Ao contrário da maioria das mulheres da minha idade eu tinha vivido em países democráticos. Desde aí que decidi que iria trabalhar e cultivar-me, esforçar-me por exercer os direitos que sabia que me eram devidos. Quando trabalhei como hospedeira na TAP - trabalho que adorava - era regra da companhia que as mulheres não podiam casar. Os homens podiam, claro. Só nós é que não. Quando me apaixonei e casei tive que me despedir.

Também quando tirei a carta era insultada pelos outros condutores (homens). Caía-lhes mal ver uma mulher a guiar. Ou a usar calças, já agora, porque calças era roupa de homem. Sofri muitos insultos pela maneira de vestir, gritavam-me "Vá para casa coser meias!". Qualquer atitude que fosse diferente era muito mal recebida, como se estivesse a perturbar a ordem.

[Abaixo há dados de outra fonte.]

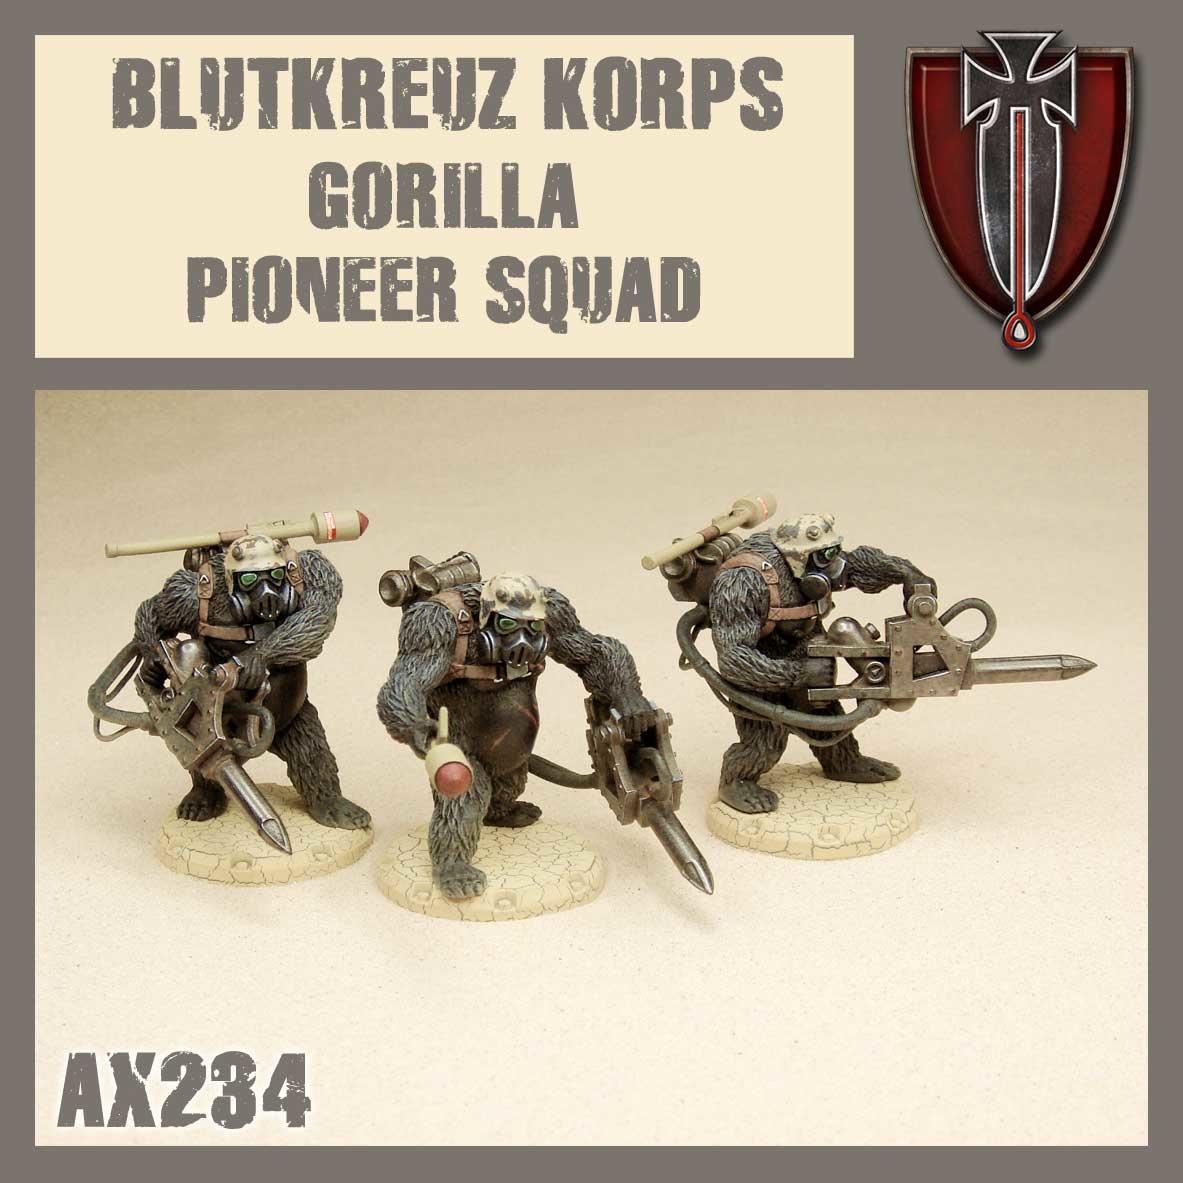 DUST USA DUST DROP-SHIP: Blutkreuz Korps Gorilla Pioneer Squad

Faria alguma coisa de diferente na sua vida se tivesse as possibilidades que as mulheres têm hoje em dia?
O melhor que o 25 de Abril trouxe foram as ideias igualitárias. Mas, por muito que nos dias de hoje a situação seja infinitamente melhor, a igualdade entre géneros existe mais na teoria do que na prática. Os costumes demoram muito mais a mudar que as leis… Quanto à minha vida, orgulho-me de ter agido sempre de acordo com os meus princípios. Estava restrita às circunstâncias, claro, mas casei com um homem que sempre me respeitou muito e aos meus desejos de trabalhar e nunca renunciei às minhas crenças igualitárias.

Depois de ser mãe tornou-se difícil conciliar os horários de trabalho, tanto para mim como para o meu marido. Percebi então que tinha que deixar de trabalhar, mas, por satisfação pessoal, não podia ficar só em casa. Decidi fazer uma coisa com a qual sempre tinha sonhado: aos 37 anos matriculei-me na faculdade e licenciei-me em Filosofia. Sempre impus a mim própria fazer aquilo que aspirava e é o que acho mais espetacular na situação actual: embora o Mundo não esteja fácil, é possível - como nunca antes foi - ter um sonho e torná-lo realidade.